START DATA
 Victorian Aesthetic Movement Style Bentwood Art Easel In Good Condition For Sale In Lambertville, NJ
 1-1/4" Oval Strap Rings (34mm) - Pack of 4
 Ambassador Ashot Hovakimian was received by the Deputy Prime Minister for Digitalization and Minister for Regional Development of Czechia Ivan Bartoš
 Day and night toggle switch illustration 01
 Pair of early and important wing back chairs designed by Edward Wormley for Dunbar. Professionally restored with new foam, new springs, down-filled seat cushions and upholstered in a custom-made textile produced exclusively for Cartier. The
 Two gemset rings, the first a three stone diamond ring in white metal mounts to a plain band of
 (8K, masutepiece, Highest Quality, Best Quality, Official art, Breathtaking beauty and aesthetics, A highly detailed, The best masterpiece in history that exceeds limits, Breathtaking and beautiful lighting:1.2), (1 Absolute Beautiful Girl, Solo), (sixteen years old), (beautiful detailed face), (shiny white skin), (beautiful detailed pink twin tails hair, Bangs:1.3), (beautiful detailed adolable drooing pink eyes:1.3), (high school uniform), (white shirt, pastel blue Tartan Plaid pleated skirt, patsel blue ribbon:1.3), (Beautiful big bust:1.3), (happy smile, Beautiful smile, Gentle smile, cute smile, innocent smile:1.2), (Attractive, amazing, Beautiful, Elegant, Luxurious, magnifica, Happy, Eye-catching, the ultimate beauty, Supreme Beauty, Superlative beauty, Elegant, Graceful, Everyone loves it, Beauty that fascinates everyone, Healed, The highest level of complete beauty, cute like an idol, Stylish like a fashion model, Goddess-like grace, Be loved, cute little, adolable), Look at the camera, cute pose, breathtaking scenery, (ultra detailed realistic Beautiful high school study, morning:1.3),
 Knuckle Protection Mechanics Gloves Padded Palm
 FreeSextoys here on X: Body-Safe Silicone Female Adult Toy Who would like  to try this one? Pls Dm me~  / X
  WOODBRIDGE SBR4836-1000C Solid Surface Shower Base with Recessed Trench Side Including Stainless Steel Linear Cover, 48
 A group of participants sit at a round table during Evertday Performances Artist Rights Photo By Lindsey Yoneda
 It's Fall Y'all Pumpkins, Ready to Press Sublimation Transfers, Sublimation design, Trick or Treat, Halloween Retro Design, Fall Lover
END DATA
● **EXERCISE REQUIREMENTS**:
From the first line of the records above down to the line containing "Two gemset rings, the", repeat each line exactly as written. Include both of those lines and add nothing.

● **ANSWER TO THE PROBLEM**:
 Victorian Aesthetic Movement Style Bentwood Art Easel In Good Condition For Sale In Lambertville, NJ
 1-1/4" Oval Strap Rings (34mm) - Pack of 4
 Ambassador Ashot Hovakimian was received by the Deputy Prime Minister for Digitalization and Minister for Regional Development of Czechia Ivan Bartoš
 Day and night toggle switch illustration 01
 Pair of early and important wing back chairs designed by Edward Wormley for Dunbar. Professionally restored with new foam, new springs, down-filled seat cushions and upholstered in a custom-made textile produced exclusively for Cartier. The
 Two gemset rings, the first a three stone diamond ring in white metal mounts to a plain band of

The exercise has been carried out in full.